Posted By IRC, Monday, July 24, 2017
Updated: Monday, June 26, 2017

What do you expect when you visit a place such as Jordan? Different climate? Different food? You expect some "culture shock," right? However, while studying abroad I noticed one thing in particular that was very strange; Jordan may be very different, but the parts that stood out the most weren’t the food, the climate, or the language, but in fact the tiny aspects of the way that people live their everyday lives. Through my visit to Jordan, I discovered that this country and my homeland aren’t that different after all, and the similarities might be even more surprising.

This might sound like an oxymoron, but Missouri and Jordan are simultaneously very different and very similar. Waiters don’t expect a tip, and restaurants serve refreshments only out of bottles and cans, not from the tap. There’s also the whole communication system of honks and horns in the midnight streets of Amman. On the other hand, Jordanians are frequently out and about, shopping, just like we do here on weekends. There are taxis everywhere, and people enjoying their lunch in the same spot every day. There are friends walking up and down the streets to greet one another just as you might see in Missouri.           

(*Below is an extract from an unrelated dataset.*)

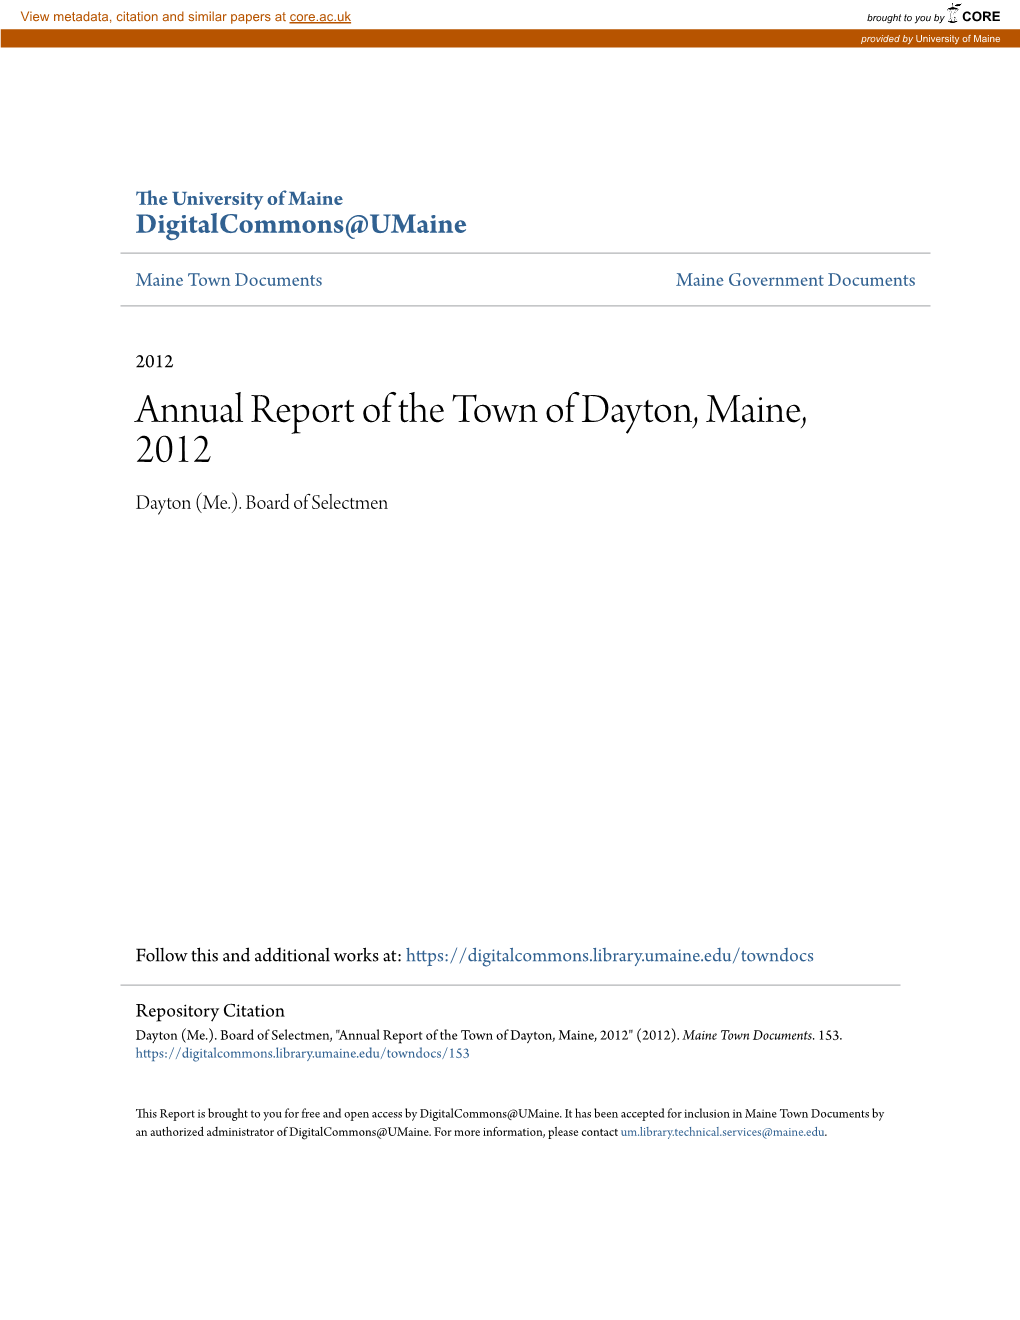 Annual Report of the Town of Dayton, Maine, 2012 Dayton (Me.)

So what do you get when you visit Jordan? All the hummus you can eat? Yes, absolutely. The best hummus you’ll ever have? Right again. But, hummus aside, you’ll also find the realization that we, as humans, aren’t so different from each other, even if we’re halfway across the world. It’s in the tiny differences that make us human where we can find how similar we all truly are. I’ve come to the conclusion that we have much more in common than we actually believe. That’s what I found in Jordan.


Zachary Walker is a sophomore attending the University of Central Missouri, majoring in Political Science and International Studies.